Friday, November 5, 2010

Make lots of mistakes

All week I've been working on translating my resume into German and making it perfect. Some of my friends even helped me look it over, made sure it was the way it needed to be. My goal yesterday was to drop my resume off at three different places where I thought I could be an english tutor. Everyone told me this will be an easy job for you to secure. Not really something I'm super interested in, but it seemed like a reasonable job for me.

November is an especially horrible time of the year. It's cold and it rains a lot. So yesterday it was raining, but it wasn't especially cold. So I carefully put the copies of my resume in my purse, hopped on my bike and went down town. I was actually not as wet as I'd thought I would be and checked myself in a mirror at one of the shops. So I went to the first place. As I was walking there I recited to myself what I need to say in German. I told myself I was going to be friendly and smile which is what Americans do best. Well this American is horrible at that. I can fake it in English, but German, uhg. The place had a doorbell with a speaker attached. This surprised me. I imagined all my conversations being face to face. So I took an extra second to ring the door bell. To my relief they just buzzed me in and I didn't have to have a dreaded conversation with the doorbell. I climbed the dark steps up to the second floor, nervous because I wasn't sure were to go. Opened the heavy door and walked in. I wasn't sure how this should go. So told the lady I was here looking for a job as an English tutor. Things went ok there. I was not friendly as planned. In fact I probably looked more like a deer looking into headlights. My voice even quivered a little. She said maybe in January they would have something available.

So off to the second place. The rain picked up. So I pulled out my umbrella. As I walked across town it became especially windy. I was surrounded by several other people with umbrellas and it seemed as if I'm the only one struggling to keep my umbrella facing the right way. Several times my umbrella would go inside out, several times I would stop to fix it look around. Finally I decided it wasn't worth it, it was just making it harder to walk with it catching the wind. So five minutes later I arrived at the second place. I tried to fix my hair and hoped that I didn't look like the wet dog that I felt like. Ring the scary doorbell that may or may not talk back to me. Get buzzed in and wonder up the stairs looking for the right door.
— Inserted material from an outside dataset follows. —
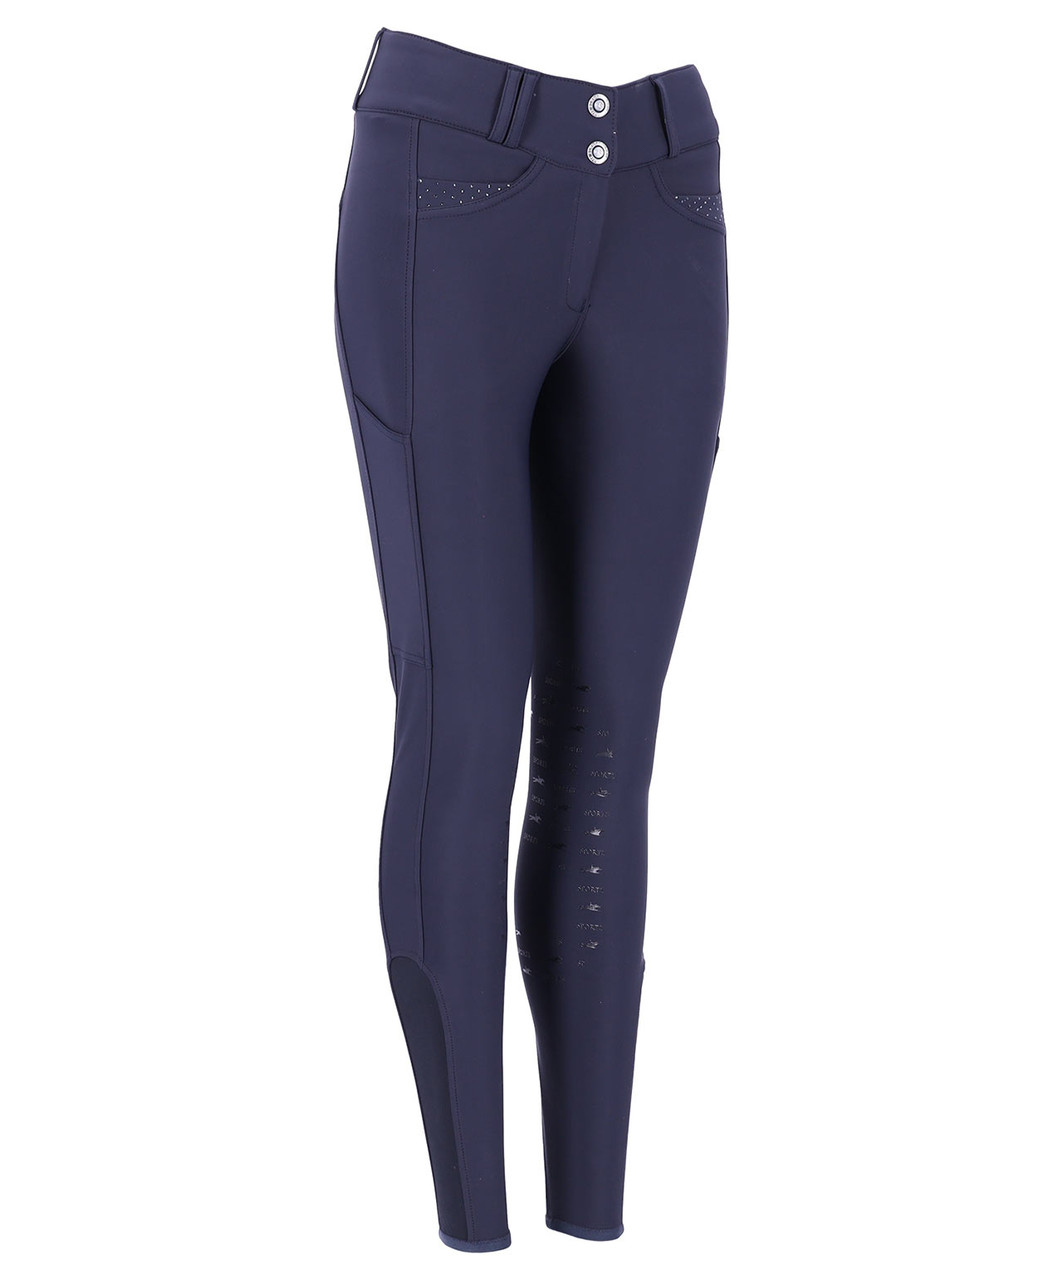 For The Rider - Women's Horse Riding Apparel - Women's Breeches - Women's  Winter Breeches - Sprucewood Tack

I found the office and the man was on the phone, so I waited in the hall. When he was done he came to greet me and I meekly told him why I was there. It was awful. I felt like I was being laughed at by him. I didn't do a good job of making him believe I would be a good tutor. He asked me if I knew about the German school system. Now that in of it's self is a very complicated question. I've been told about the German school system about a bazillion times and I think I do understand it. (And please don't tell me about it again. It's very boring!) But I wasn't sure what he meant by the question. So I hesitantly said yes. Anyways I felt like the whole time the guy was laughing at me. It was awful! Awful! I feel like I failed. But you know what? I know German. I was able to reply to everything he asked me. I understood everything he asked me. So what is my problem??? If I would have confidently told him that I can teach others English because it's my mother language and as I've learned German I have also learned more about English. I have my bachelors degree and he should definitely hire me. The scared doe eyes didn't do me any favors yesterday. I didn't make it to the third place. I freaked out. I failed. I'm not sure if I can even get a job in Germany. Maybe I need to work on other aspects of my German. Confidence being the big one.

I failed at getting a job yesterday, but the best advice I've ever gotten about learning another language is, you must make mistakes. If I don't make mistakes it's probably because I'm not pushing myself to my limit. So yesterday I failed, I made lots of mistakes, but that's what I'm supposed to do.

So are you guys perfectionists? How do you get past it?

1 comment:

  1. Good job on getting out there to get a job! I can only imagine that it was pretty scary in that environment.

    I enjoyed the post. keep them coming.

    btw - i fail all the time. It's a learning process.